Anti-aliasing Polygon Edges for Scanline Rendering

Anti-aliasing is something many of us take for granted these days. Certainly in the realtime world there are a number of well-known techniques using clever manipulation of graphics hardware (MSAA, FXAA, TXAA) each with variations in quality (2x, 4x, 8x, 16x) with associated higher GPU processing costs. But outside of the realtime world, there are still cases where we may have to implement a high-quality anti-aliasing solution.

Recently, for example, I was working on a rotoscoping plugin for Nuke. Rotoscoping tools render polygons that are used as masks in compositing. Most compositing tools use a traditional scanline-based approach to rendering, so my first step was to implement a polygon fill algorithm.

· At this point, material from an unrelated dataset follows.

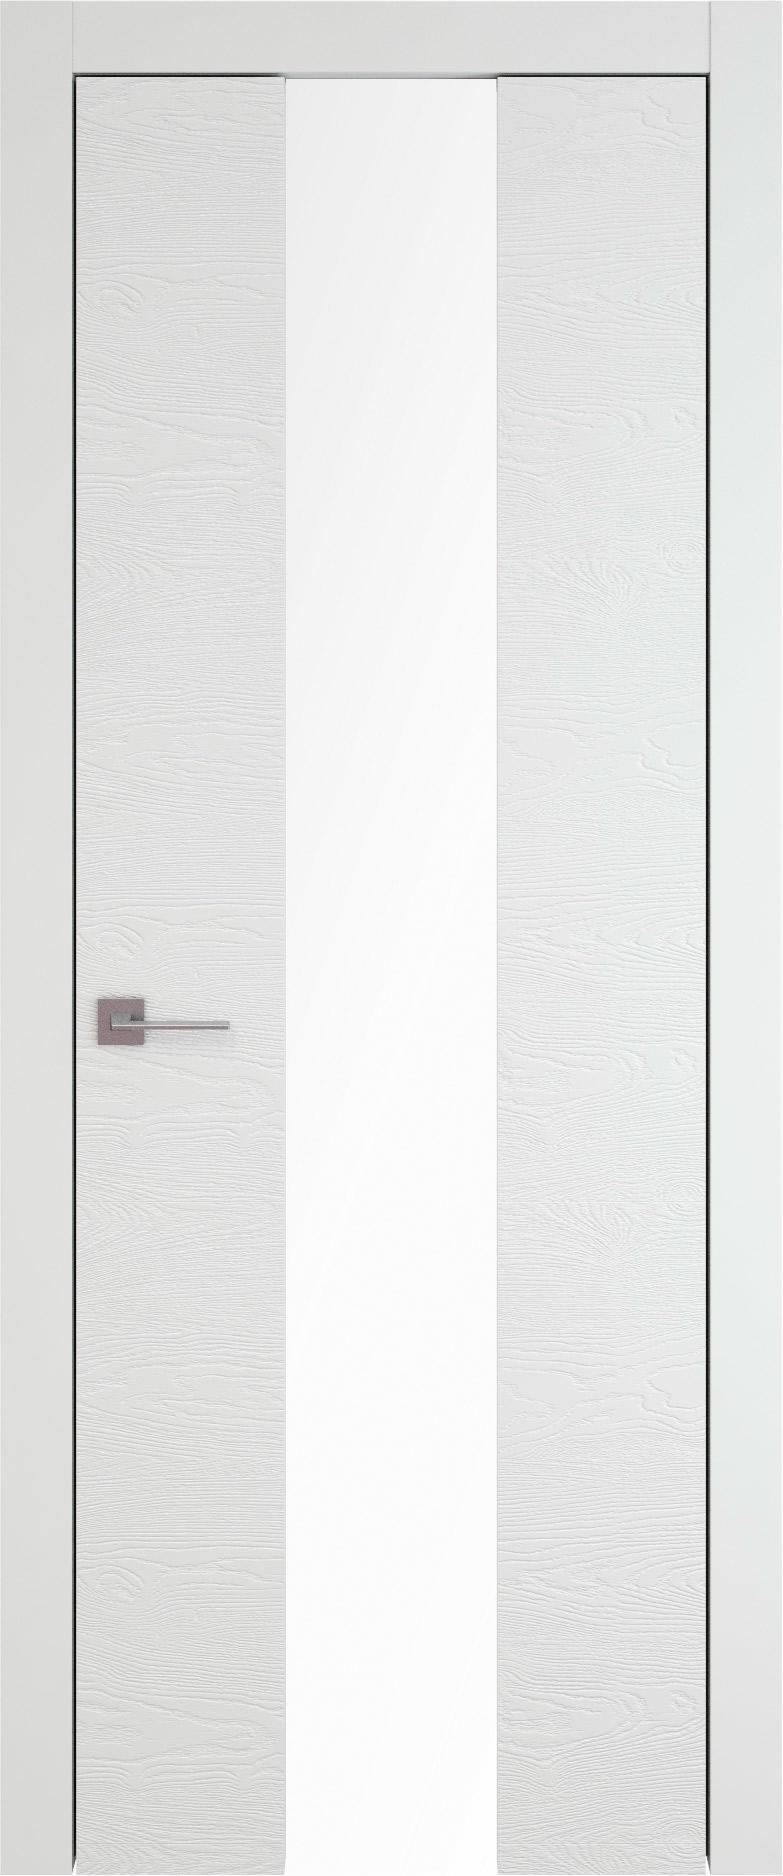 Tivoli Ж-5 цвет - Белая эмаль по шпону (RAL 9003) Со стеклом (ДО)
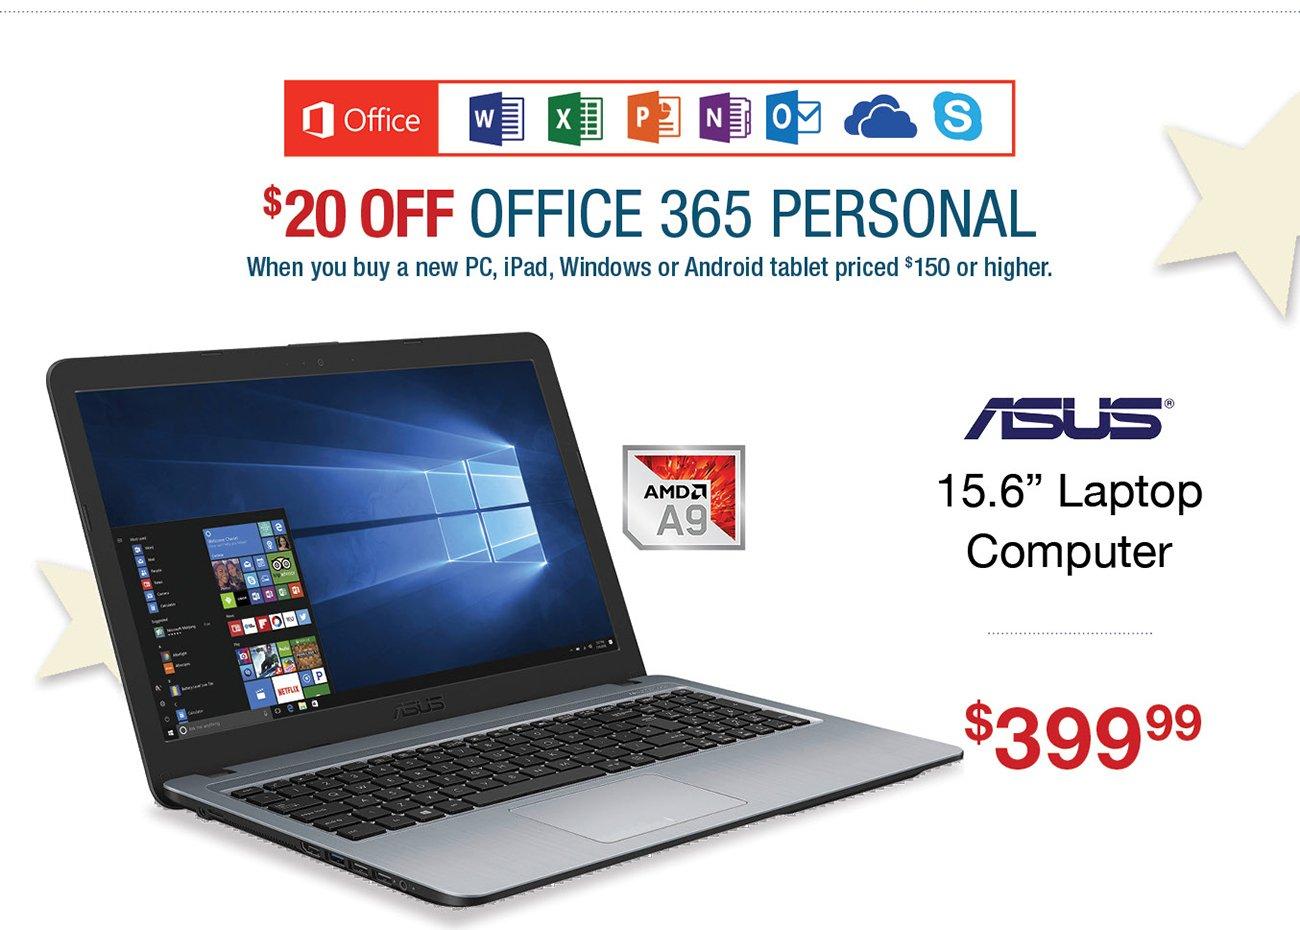 Asus-15.6-inch-laptop

This is a fast algorithm that works well but leaves jagged edges, and the end result cries out for anti-aliasing.

Approaches to Anti-Aliasing

Many papers have been written about anti-aliasing  over the years, with various approaches along the way. Ed Catmull's 1978 paper was an early attempt to answer the question "how much of this pixel is covered by this polygon?". His analytical approach was relatively expensive and in 1984 Loren Carpenter came up with a much faster alternative called the A-Buffer. There have been quite a few variations on this approach over the years.

It's also possible to use approaches at a much higher level. In ray tracing it's common to use scene-wide anti-aliasing approaches such as super-sampling, adaptive sampling, or stochastic sampling. These approaches yield high quality results, but can be quite expensive.

A Review of the A-Buffer Algorithm for Coverage Estimation

I had certain specific requirements for my roto scanline renderer:

  • I only need a single channel output (alpha channel) and I can assume each poly has identical attributes
  • polygons can have an arbitrary number of edges/vertices
  • polygons should still be able to render correctly even if they self-intersect ("bow tie polygons")
  • the algorithm shouldn't be substantially slower than the non-anti-aliased version. i.e. I only want to spend the extra processing on pixels that need it.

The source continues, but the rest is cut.